Молодого швейцарца-преподавателя интересовал не только сам человек, преодолевший фашистские лагеря смерти. Карла интересовала страна, из которой таким драматичным путем попал в Арау двадцатилетний парень. Каким было у него детство? Как этот сын деревенского плотника мог стать художником? Сколько надо платить за учебу? Как живут учителя? Какая зима в России? А лето? Что едят? Как пашут землю? Какой человек Сталин? Нарисуй украинский дом… Большой ли город Одесса? Играют в России на скрипке?
"С Карлом было всегда интересно. Я чувствовал, что и он в своем маленьком городке нашел по душе человека. Он приходил ежедневно. Появлялась в окошке его голова, и начинались беседы…
Немецкий я знал еле-еле. Но, странное дело, мы всегда понимали друг друга. Иногда к словам приходилось прибавить рисунок, и Карл был вне себя от радости, узнавая слова незнакомого для него языка. Так же радовался он и моим успехам".

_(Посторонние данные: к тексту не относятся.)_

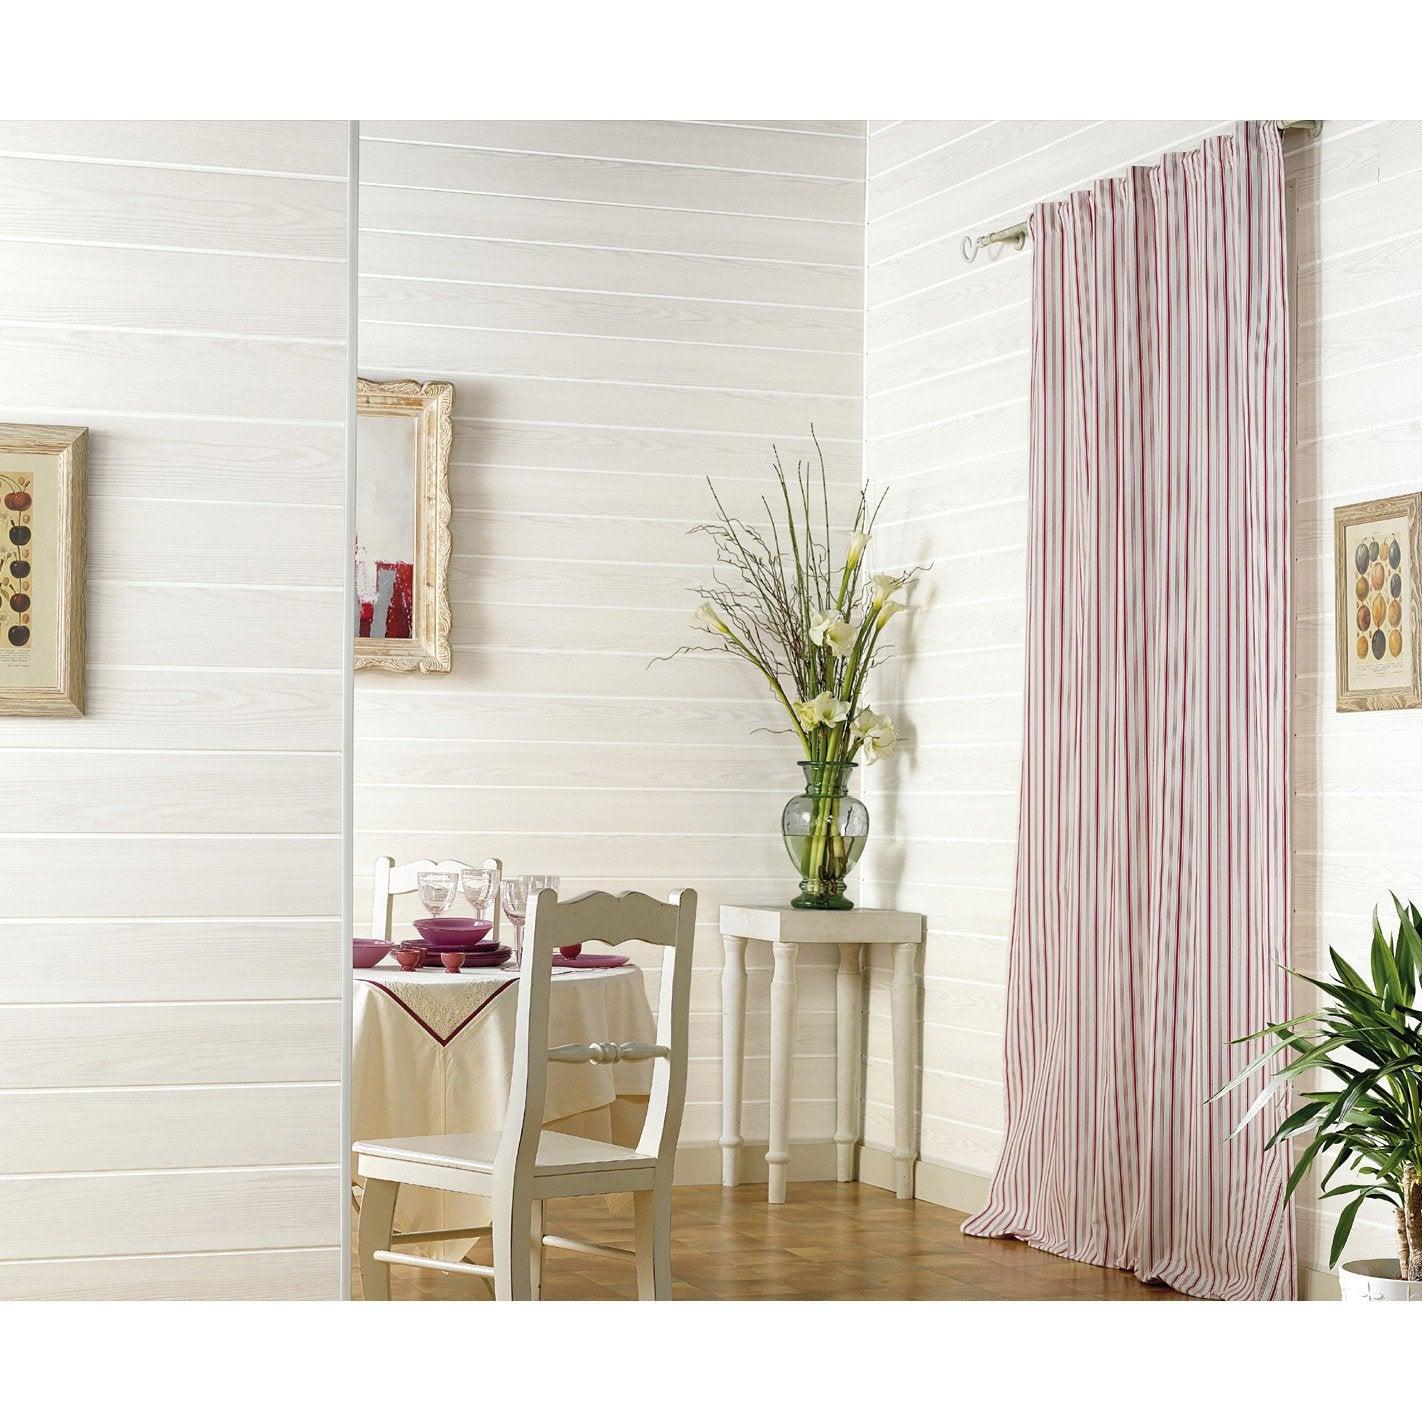 lambris pvc bois fin blanc grosfillex l.260 x l.37.5 cm x ep.8 mm ... - Lambris Pvc Salle De Bain Grosfillex

Петр Ильич поднимается из-за стола, идет в рабочую комнату и приносит незапечатанный конверт с письмом.
– Карлу… Написано, видите, по-немецки. Очень хочется его порадовать – уроки в Арау не позабыты!
Однако не только знанием языка, не только теплотой неожиданной дружбы обязан Петр Билан Карлу Келлеру. Всегда веселый, швейцарец умело скрывал тревожные для беглеца из Германии вести. И только однажды, явившись к окошку, сразу сказал: "Все в порядке. Мы победили. Тебя переведут в горы на ферму. Но будь и там осторожен – у фашистов длинные руки".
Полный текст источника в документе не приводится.